**Exercise objective:**
Pull every line containing the word "vector" from the records.

━━━ Given information

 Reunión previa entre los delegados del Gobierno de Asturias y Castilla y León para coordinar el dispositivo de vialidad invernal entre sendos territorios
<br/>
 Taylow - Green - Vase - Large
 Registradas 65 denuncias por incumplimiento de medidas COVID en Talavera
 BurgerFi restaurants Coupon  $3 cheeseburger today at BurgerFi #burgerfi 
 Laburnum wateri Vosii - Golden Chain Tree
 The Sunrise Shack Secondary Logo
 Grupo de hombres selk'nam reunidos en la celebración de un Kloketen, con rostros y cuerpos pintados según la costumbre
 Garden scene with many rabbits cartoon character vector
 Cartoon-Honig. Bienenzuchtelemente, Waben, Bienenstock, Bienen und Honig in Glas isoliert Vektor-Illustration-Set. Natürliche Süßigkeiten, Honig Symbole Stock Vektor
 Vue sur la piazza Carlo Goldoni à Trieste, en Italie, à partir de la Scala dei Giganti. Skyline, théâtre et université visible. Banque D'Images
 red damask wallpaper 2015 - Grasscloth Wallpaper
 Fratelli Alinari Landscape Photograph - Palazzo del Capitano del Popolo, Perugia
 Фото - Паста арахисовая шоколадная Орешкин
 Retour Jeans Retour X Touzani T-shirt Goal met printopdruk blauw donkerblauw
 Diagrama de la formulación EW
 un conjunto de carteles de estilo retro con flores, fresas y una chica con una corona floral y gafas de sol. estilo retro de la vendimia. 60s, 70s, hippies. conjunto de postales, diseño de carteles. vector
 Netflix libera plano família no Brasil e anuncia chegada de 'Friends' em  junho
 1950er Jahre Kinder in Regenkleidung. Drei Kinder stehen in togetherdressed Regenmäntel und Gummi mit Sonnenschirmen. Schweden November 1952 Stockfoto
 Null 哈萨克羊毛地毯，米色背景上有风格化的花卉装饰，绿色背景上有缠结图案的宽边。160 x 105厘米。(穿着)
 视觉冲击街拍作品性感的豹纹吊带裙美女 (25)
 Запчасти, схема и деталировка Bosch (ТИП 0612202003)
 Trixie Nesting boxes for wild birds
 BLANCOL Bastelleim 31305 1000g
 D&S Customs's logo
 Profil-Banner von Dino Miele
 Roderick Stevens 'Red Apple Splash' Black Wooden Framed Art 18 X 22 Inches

━━━━━━

**Exercise response:**
 Garden scene with many rabbits cartoon character vector
 un conjunto de carteles de estilo retro con flores, fresas y una chica con una corona floral y gafas de sol. estilo retro de la vendimia. 60s, 70s, hippies. conjunto de postales, diseño de carteles. vector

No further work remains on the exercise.